Stored items:
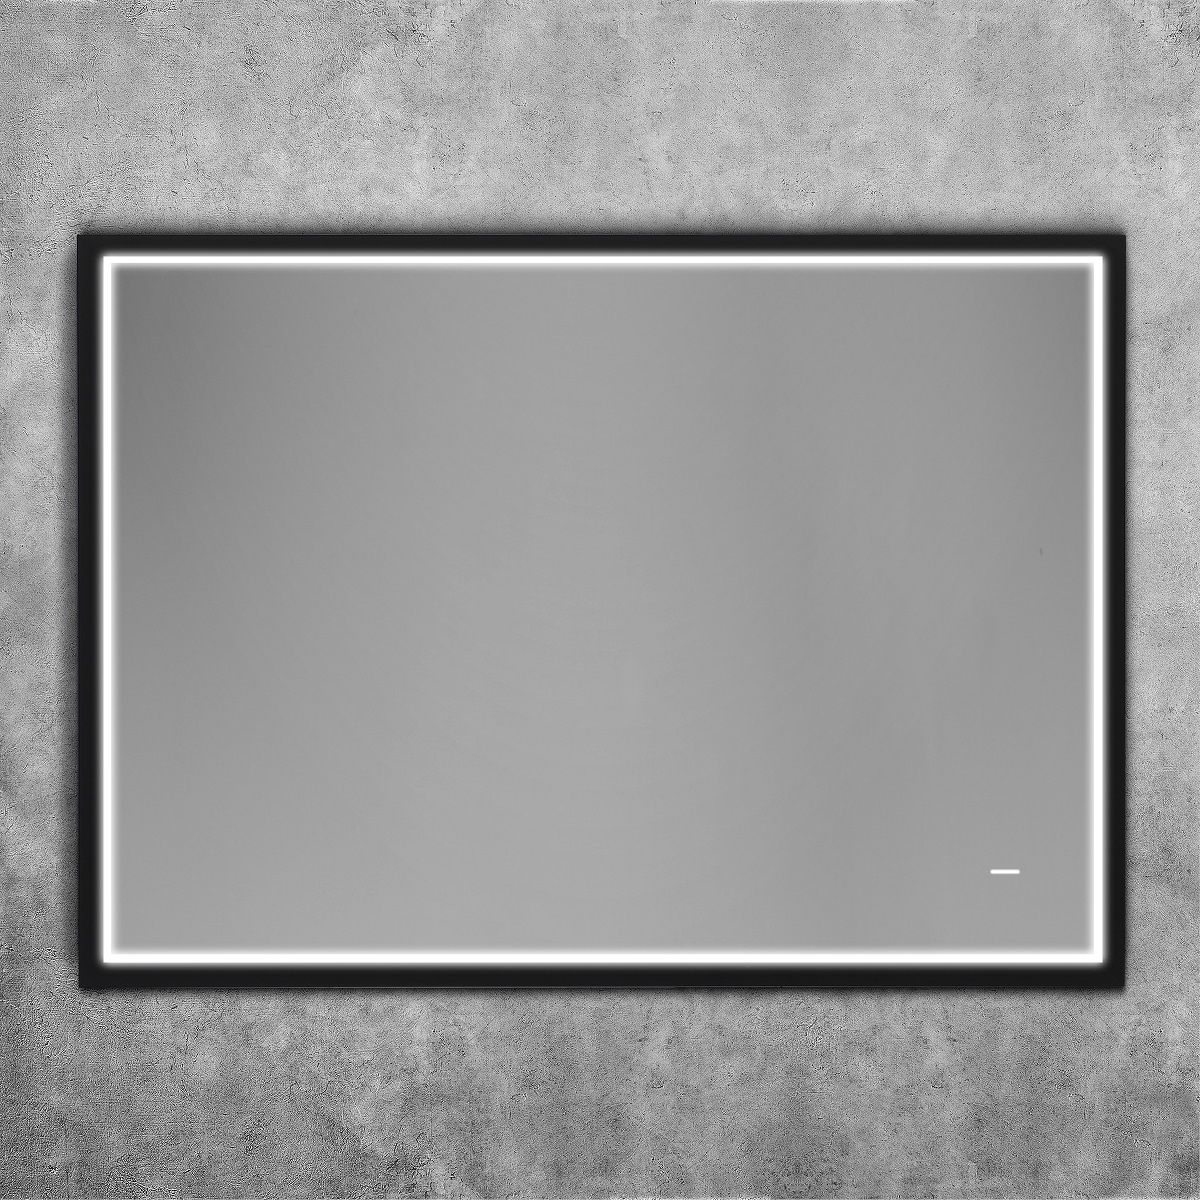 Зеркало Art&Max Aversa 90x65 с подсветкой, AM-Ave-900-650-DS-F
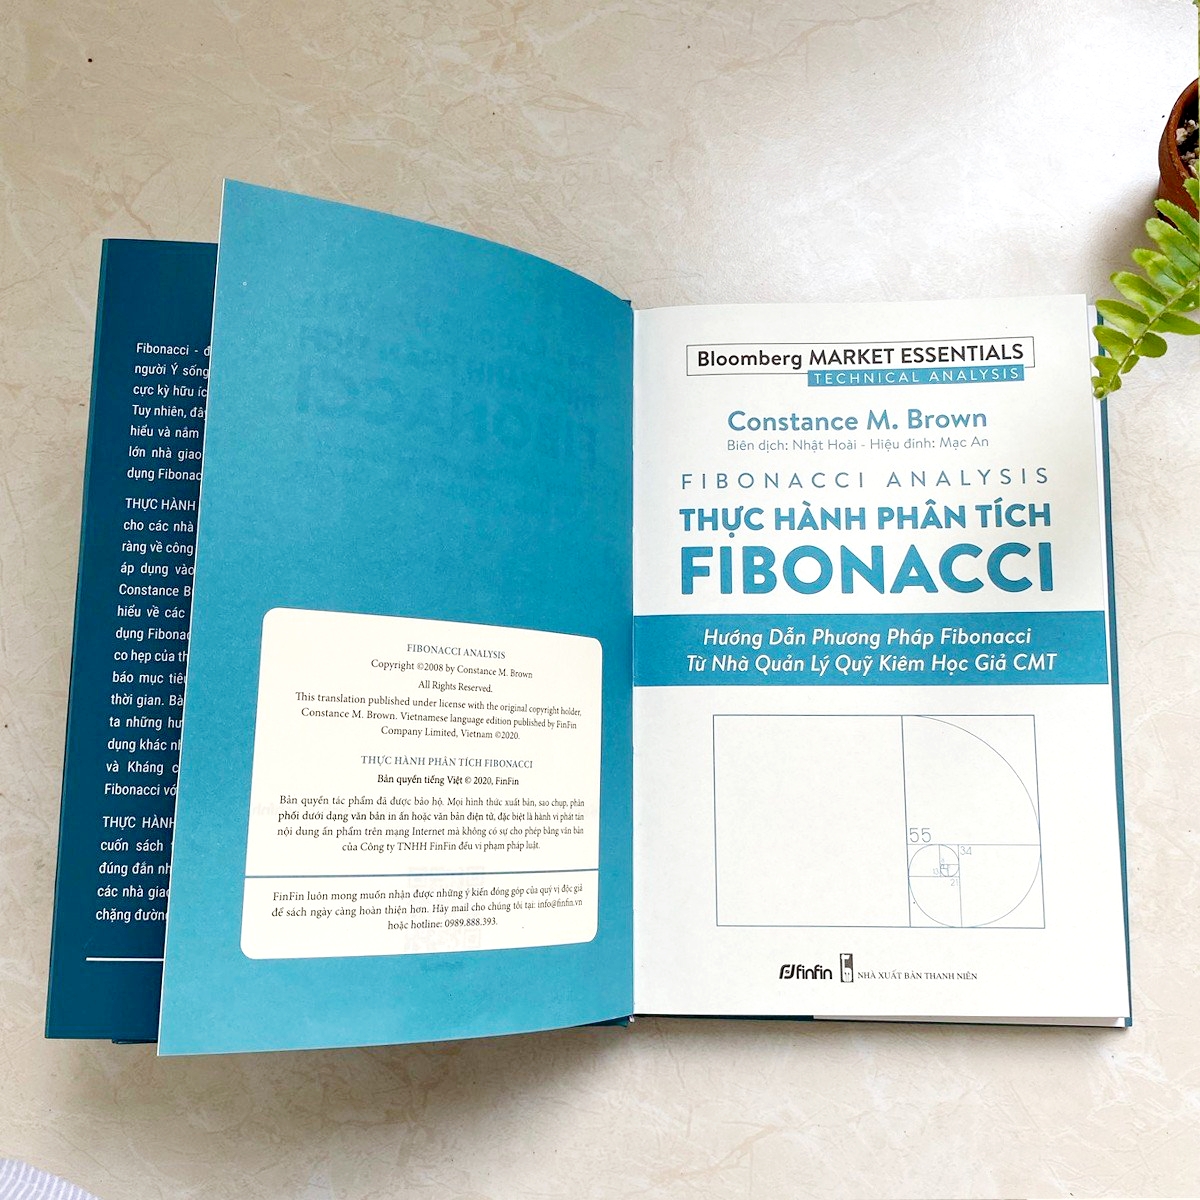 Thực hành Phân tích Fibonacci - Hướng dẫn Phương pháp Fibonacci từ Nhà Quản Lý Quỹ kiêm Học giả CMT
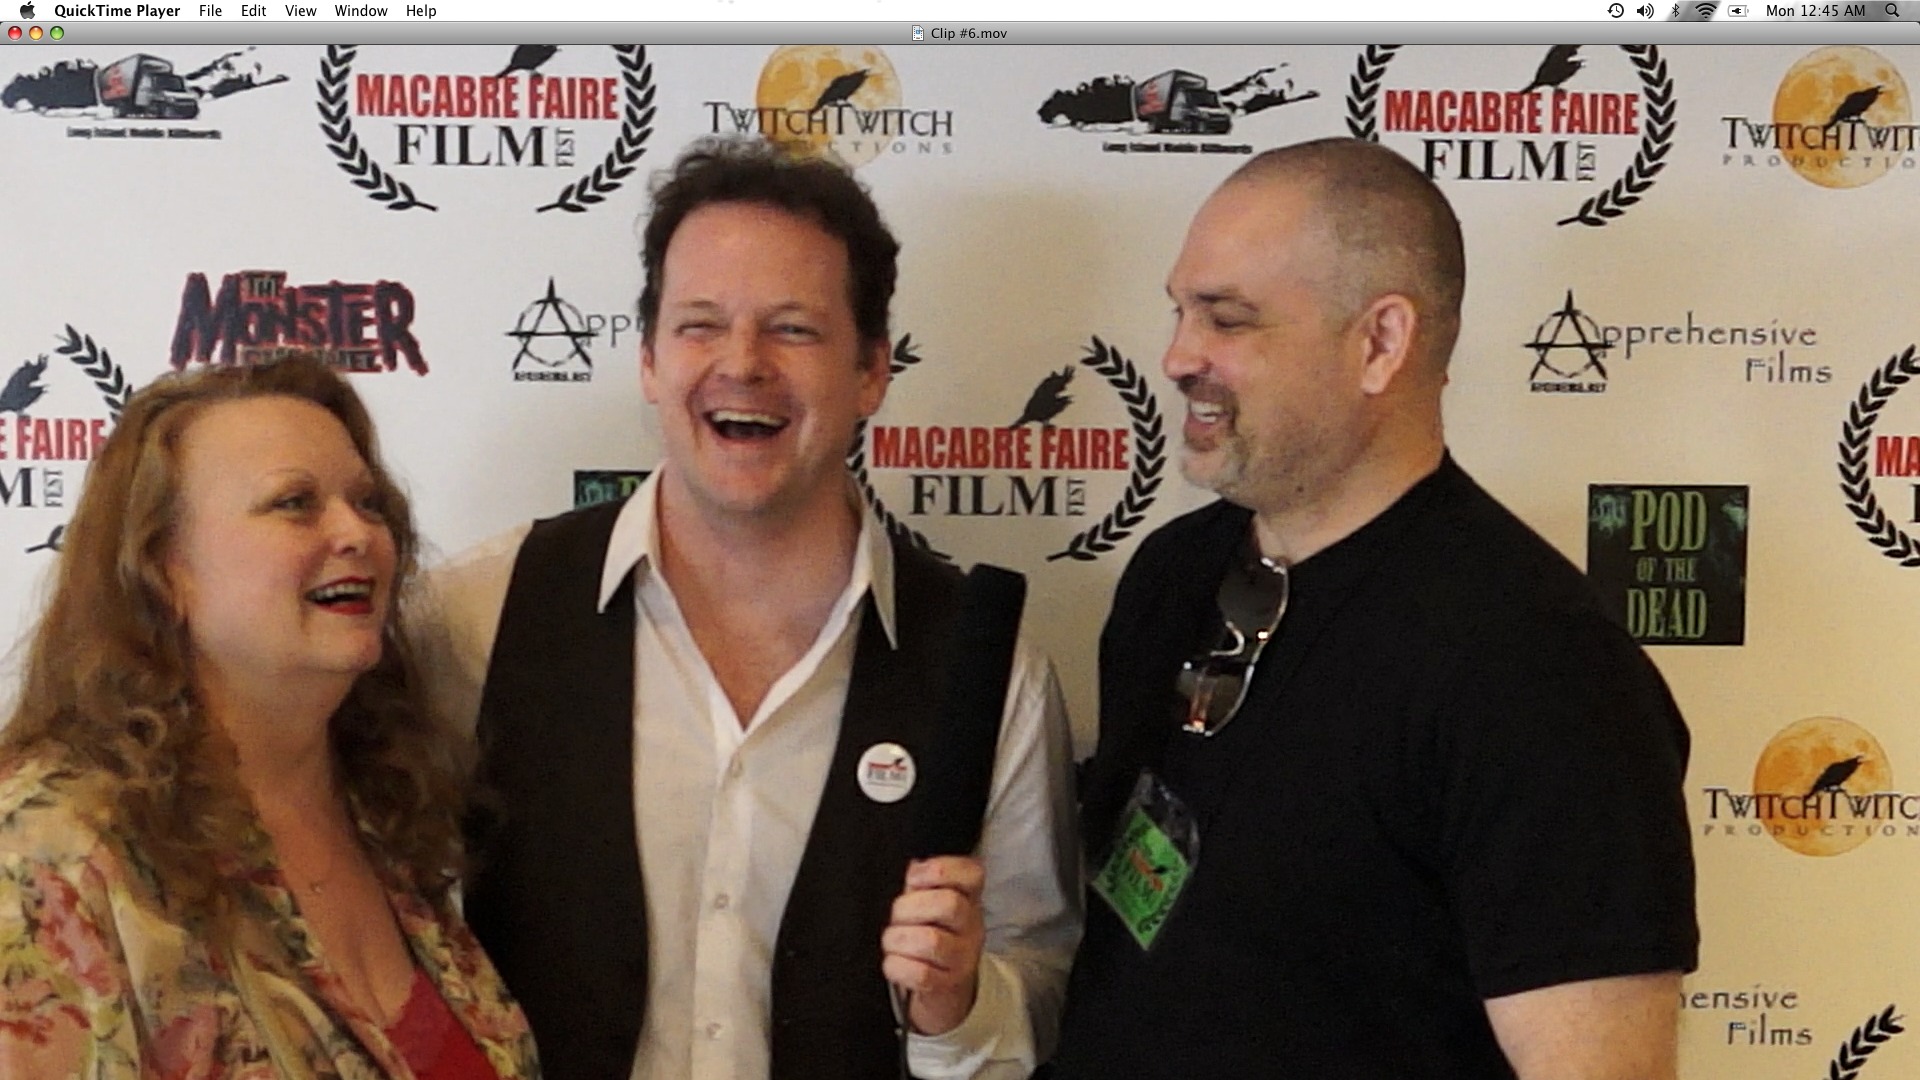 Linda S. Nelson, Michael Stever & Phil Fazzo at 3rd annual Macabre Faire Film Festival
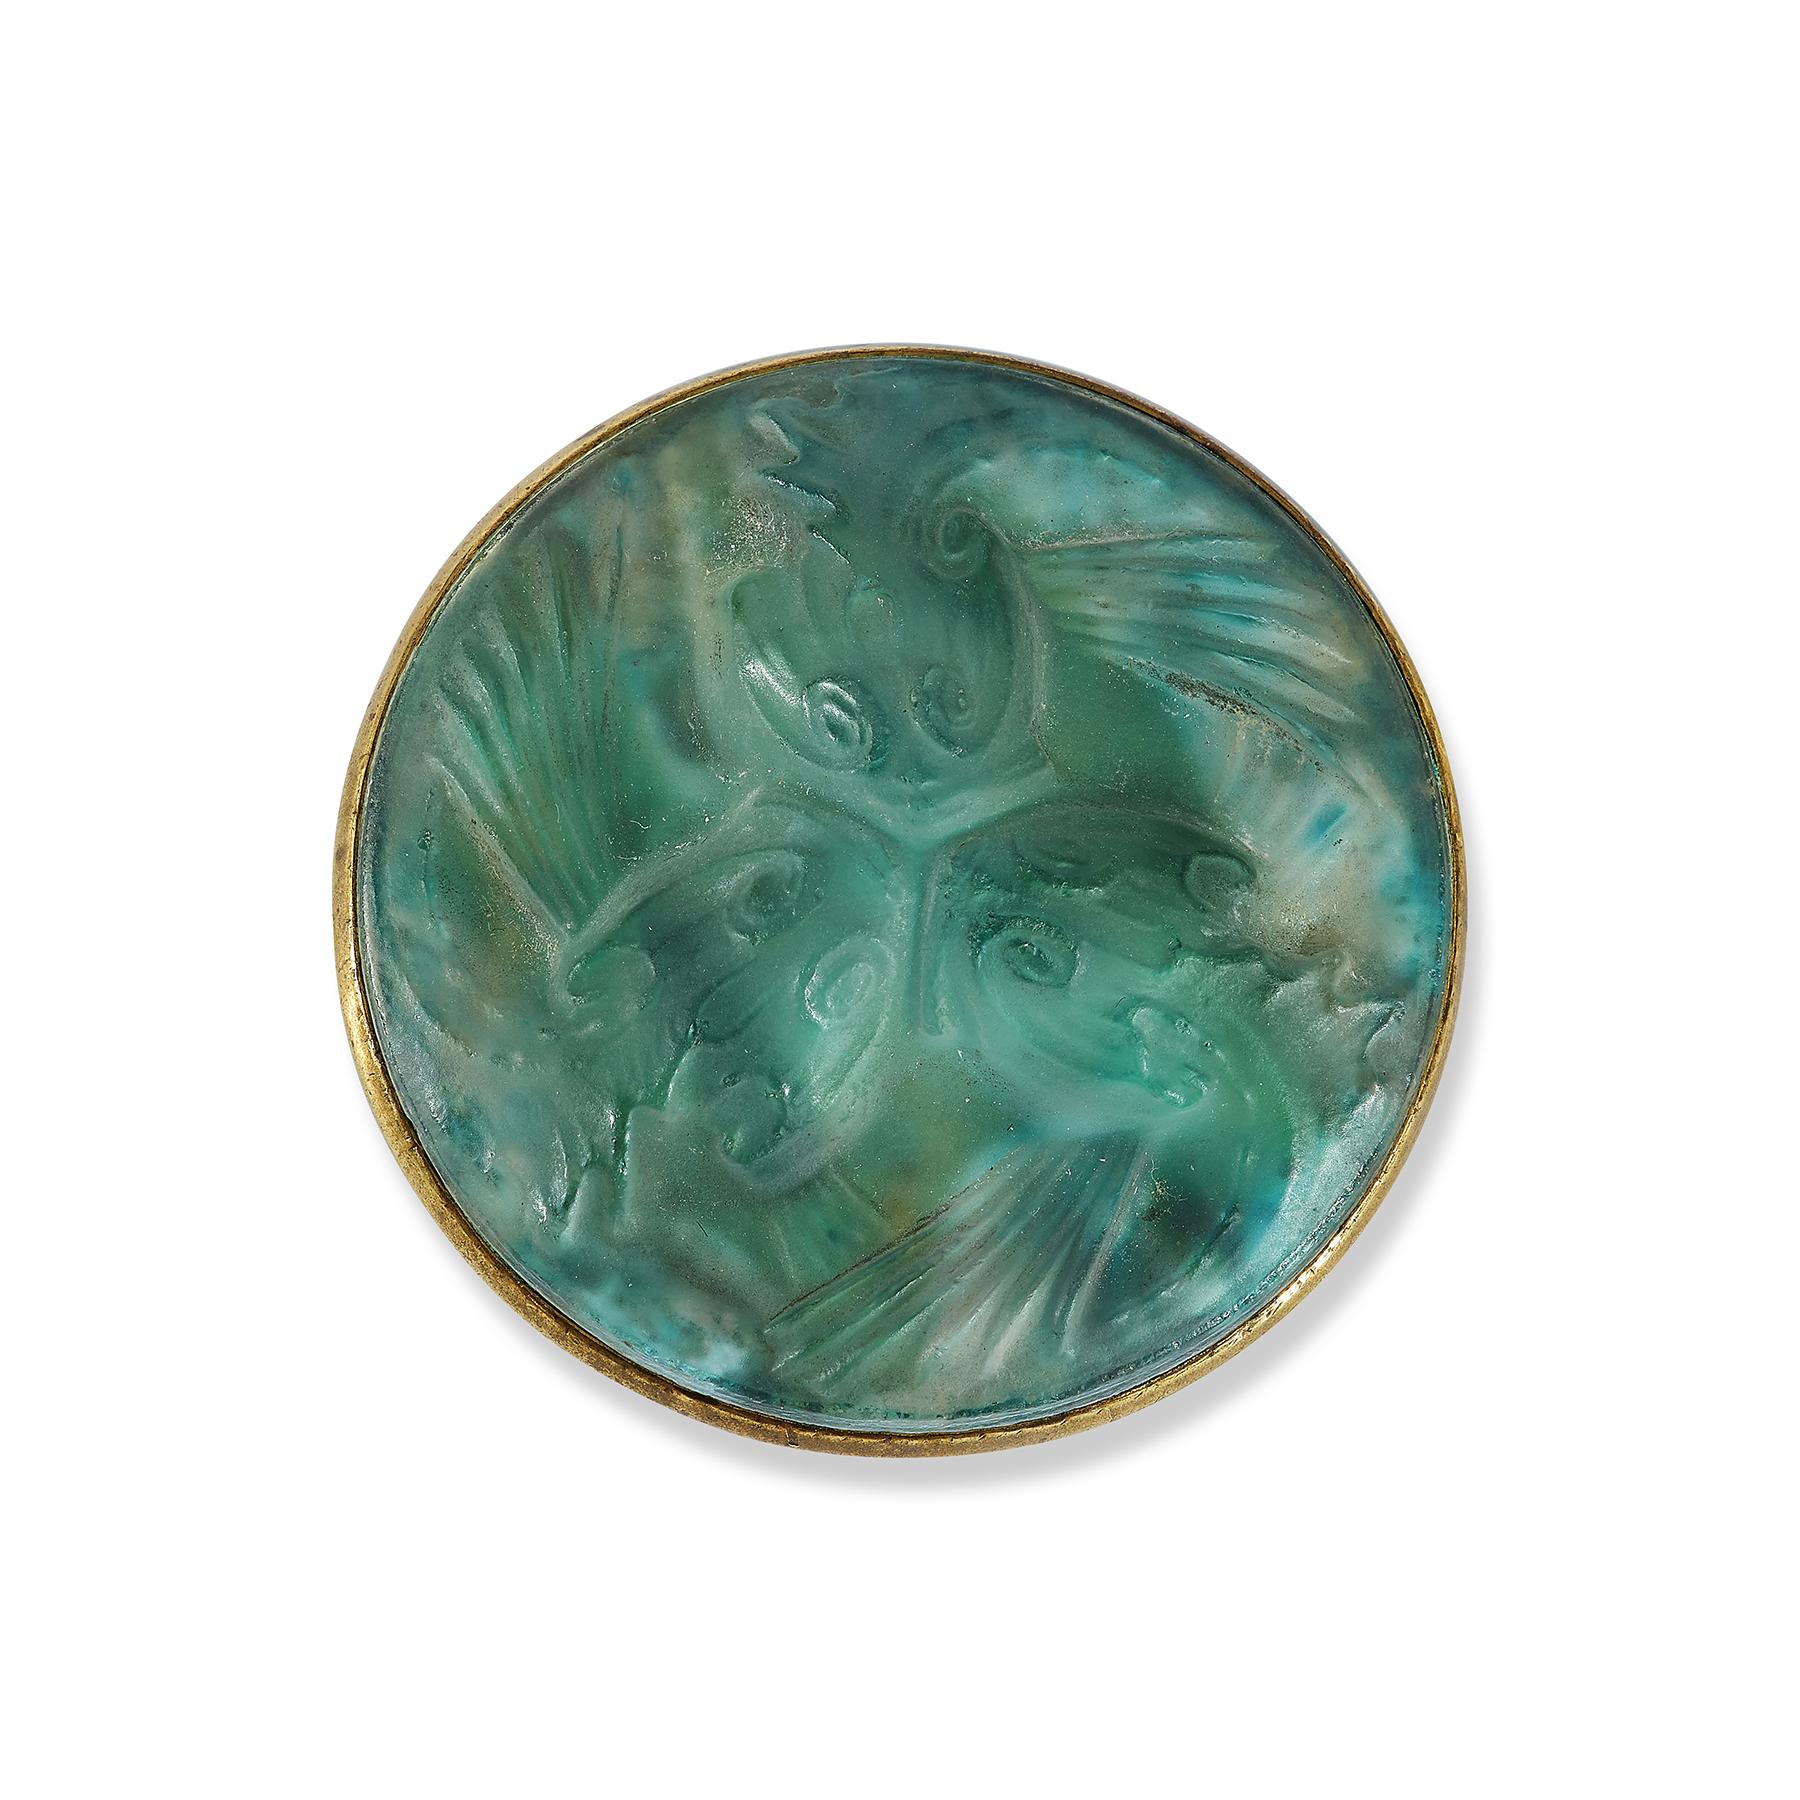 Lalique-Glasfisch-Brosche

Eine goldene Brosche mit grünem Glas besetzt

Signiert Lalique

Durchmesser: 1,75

Task requirements:
Would you please print only the lines running from the one with "Thực hành Phân" to the final line of the entries above, exactly as written and without pictures?

Solved problem:
 Thực hành Phân tích Fibonacci - Hướng dẫn Phương pháp Fibonacci từ Nhà Quản Lý Quỹ kiêm Học giả CMT
 Linda S. Nelson, Michael Stever & Phil Fazzo at 3rd annual Macabre Faire Film Festival
 Lalique-Glasfisch-Brosche

Eine goldene Brosche mit grünem Glas besetzt

Signiert Lalique

Durchmesser: 1,75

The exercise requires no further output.